Adventures in Isolation
Last July I was a living kidney donor for my husband. We were very fortunate to be part of the NHS Kidney Sharing Scheme which allowed me to donate to a stranger and and my husband to receive one in return from someone else. It's an incredible feat of logistics and we were so grateful to be part of it as most patients who need a kidney have to wait on the National List for a deceased donor and the wait on average is 3 years.
Why I am I telling you this? Well, post op my husband and I were both of work and home for about 3 months. And now nine months on we find ourselves in a similar position due to his high vulnerability as a transplant patient with a lowered immune system. That period of three months last summer taught us a lot about to last a long period stuck at home with someone and now feels like a good time to share those lessons because let's face it - there are limits on how much time you can spend with one person, no matter how much you love them!
So, to help get you through the next weeks and months as we all get used to spending time at home here are my tips on staying safe and sane.
Communication and connection. A big one and an important one. Whoever you are sharing space with, it's so important to keep up communications, especially when things are getting tense. Tell each other how you feel; ask for what you need; be open when your boundaries are challenged; put as much (or more) effort into listening as you do talking.
Communication is so important as we often make assumptions about what other people are thinking as well as assuming that people know what we are thinking. Saying it out loud clears up any doubt. And if you are home alone, then communication with other people via phone, Skype/Zoom, social media etc becomes even more important to make sure you still feel connected to the outside world. Check in with people and ask them to check in with you too.
Schedules and routines. If you are going to be working from home and sharing your space with someone, perhaps even home schooling too then you are going to need a schedule. As my husband is so vulnerable, we have had to go as far as schedule bathroom and meal times for each of us so we can minimise risk and exposure to any germs.
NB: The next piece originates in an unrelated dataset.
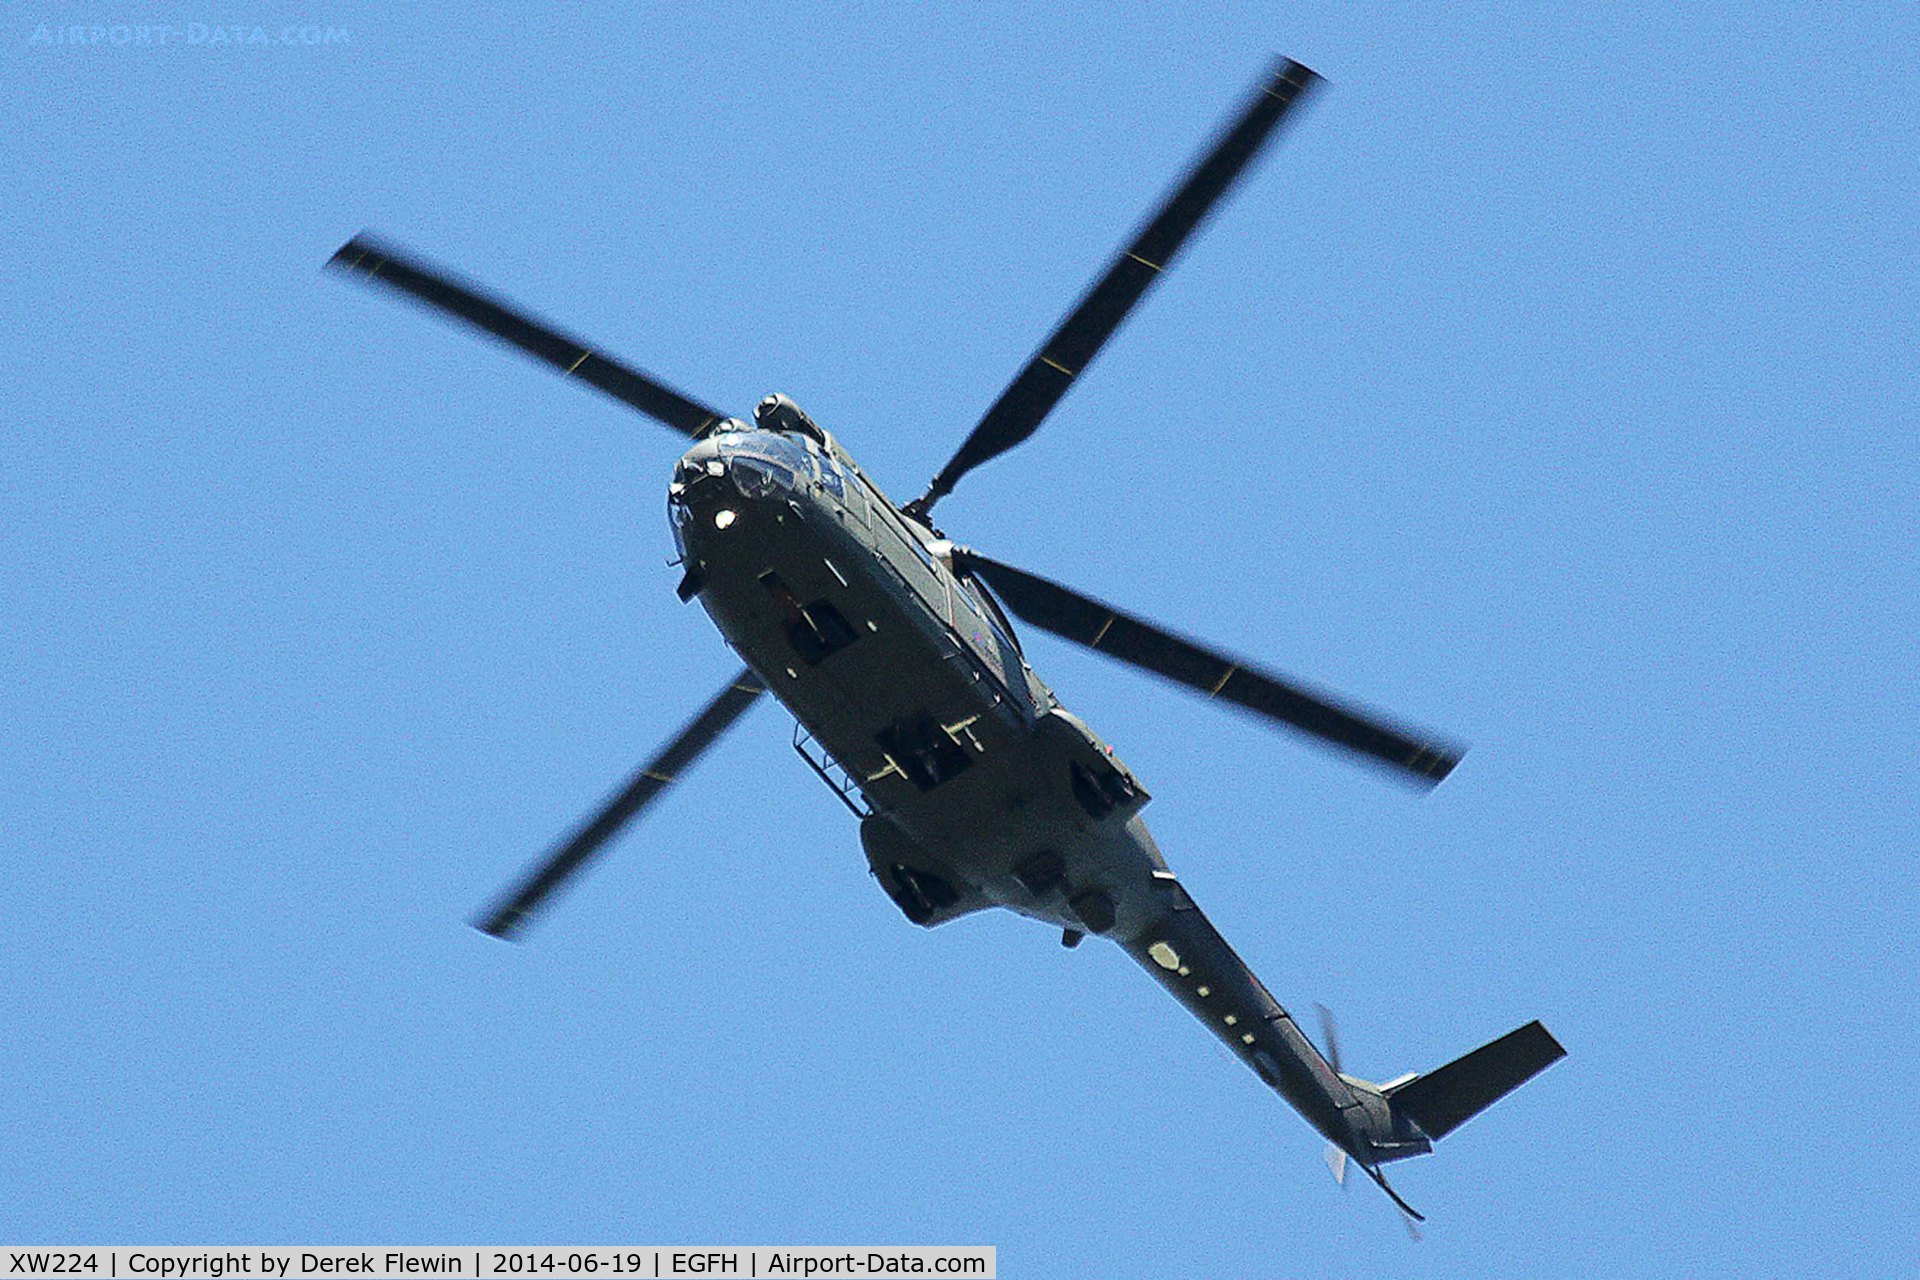 XW224, Westland Puma HC.2 C/N 1166, Puma HC.2, call sign BDN035, seen in the overhead at EGFH, leading another Puma.

Even if you don't need to go that far, it's still going to be useful to have a schedule around who is making meals; when is work time and when is together time; when you want to have alone time and when you want company. Do you need to plan in meals so you can make sure you are getting proper breaks and good, nutritious food into you? Do you need to plan housekeeping chores so it's not all falling on one person?
Spending a lot of time at home can start to feel surreal so having structure - still getting up at a set time; getting washed & having breakfast; doing your morning practice. exercising etc - will all help you to feel a little more ordered and help keep you sane.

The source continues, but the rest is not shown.